Measuring the absolute neutron beam fluence necessitates the use of a reaction in which the neutron cross section is accurately known over the relevant energy range and a detection technique which is insensitive to gamma-rays or is capable of distinguishing gamma-rays from neutrons. In this work, neutron activation of aluminum and gold foils was used to make absolute measurements of the fast neutron (En ~ 10 MeV) fluence. Neutron activation of gold foils was also used to make a relative measurement of the thermal neutron fluence. The neutrons produced nuclear reactions in the foils, converting a small quantity of the stable atoms in the foils into radioactive ones which subsequently generate gamma-rays in their decay process. The activated foils are then removed from the beam and placed in front of a high-purity germanium (HPGe) detector that measures the energy spectrum of the gamma-rays emitted by the foil. By counting the number of gamma-rays detected over a set time, the incident neutron fluence at the foil location was determined using the known reaction cross sections. The measured neutron fluence was used to calculate the imparted dose to live mouse targets via the muscle tissue neutron kerma factors. Liquid and plastic scintillation detectors were also used to monitor the relative neutron flux in real time during the experiments. These relative detectors were subsequently calibrated using flux results obtained from the foil activation measurements and were used for real time dose monitoring.
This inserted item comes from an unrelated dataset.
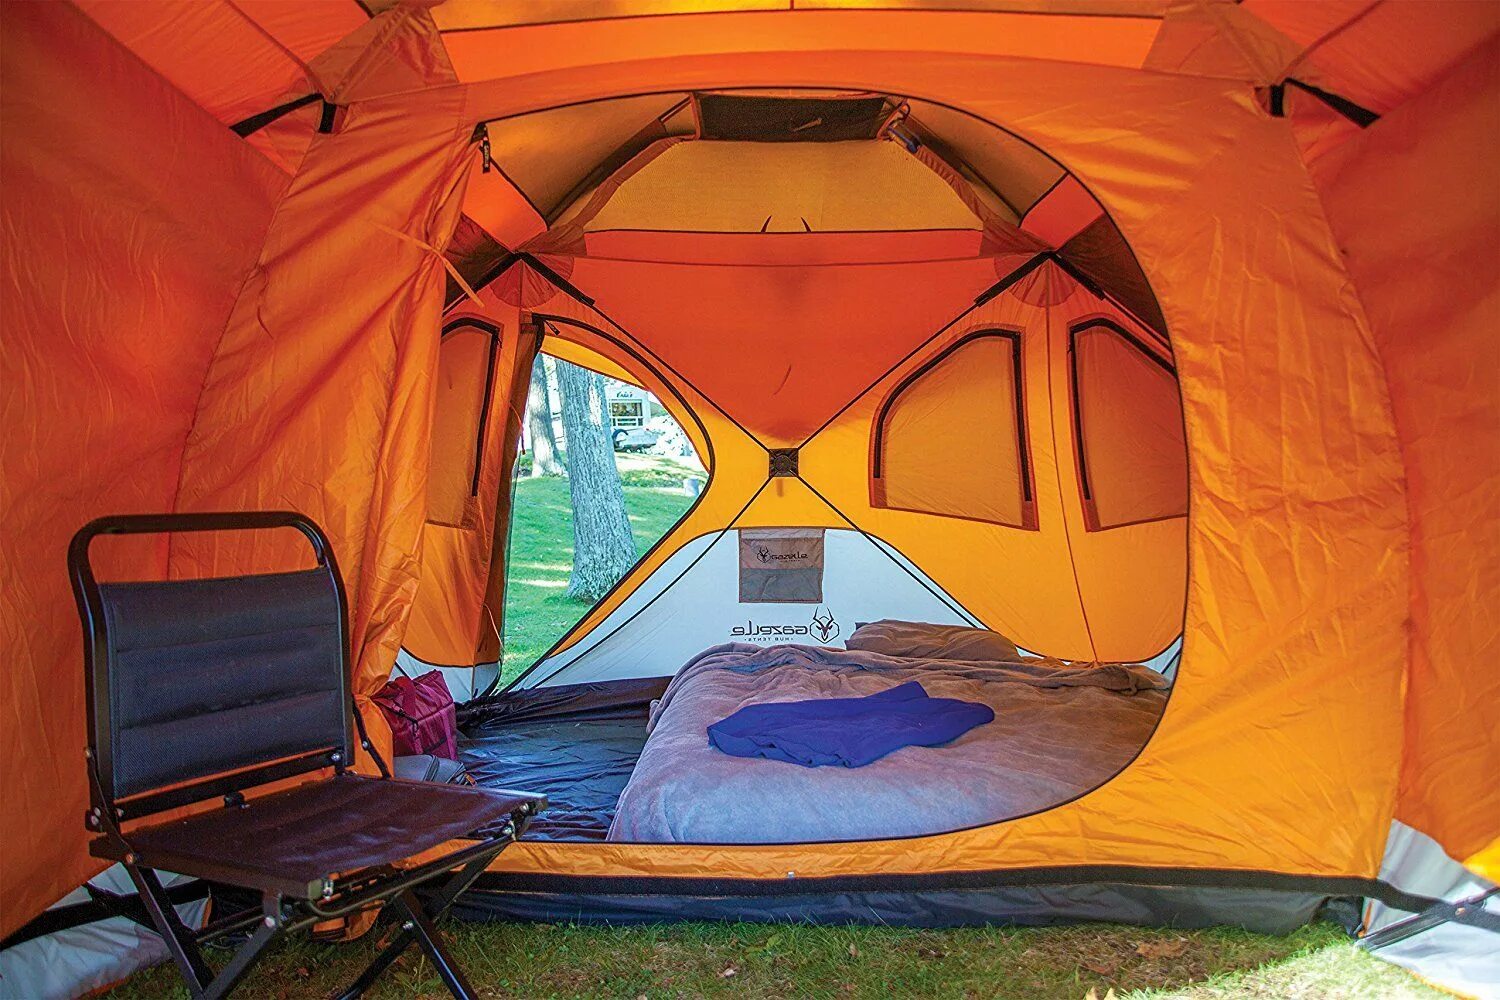 Gazelle Tent палатка t8. Палатка Camping Tent. Палатка Tiannuocheng 3021 4х мест. Палатка papallona Delta Cabin PP-206.

The neutron beam produced at TUNL also has an intrinsic gamma component that adds to the dose received by a small animal target. The gamma contribution to imparted dose is generally taken to be around 10% or less for neutron beams created by linear accelerators utilizing the 2H(d,n)3He reaction, but no confirming measurements of this type have been performed at TUNL prior to this work. To verify this claim, an experiment was conducted to quantify the gamma-ray contribution to the target dose at several incident neutron energies and gas cell pressures.
The dosage from the mixed beam was measured using two ionization chambers that have different sensitivities to neutron and gamma radiation. The chambers were placed in the neutron beam, and the total charge induced in the ionization chamber by the mixed radiation field was monitored. The percent gamma-ray contribution to total target dose was calculated utilizing the procedures outlined in AAPM Report No. 7 and Attix.
Using the foil activation technique, the neutron fluence incident on target and dose delivered were measured to within ± 10%. The target dose estimated using the scintillation detectors was found to be accurate to within ± 20%. The results of the ion chamber measurements imply the gamma-ray component of the neutron beam at TUNL contributes less than 5% to the total target dose. Given the large difference in quality factors between gamma-rays (=1) and fast neutrons (~10), the contribution by gamma radiation to the total equivalent dose was determined to be negligible.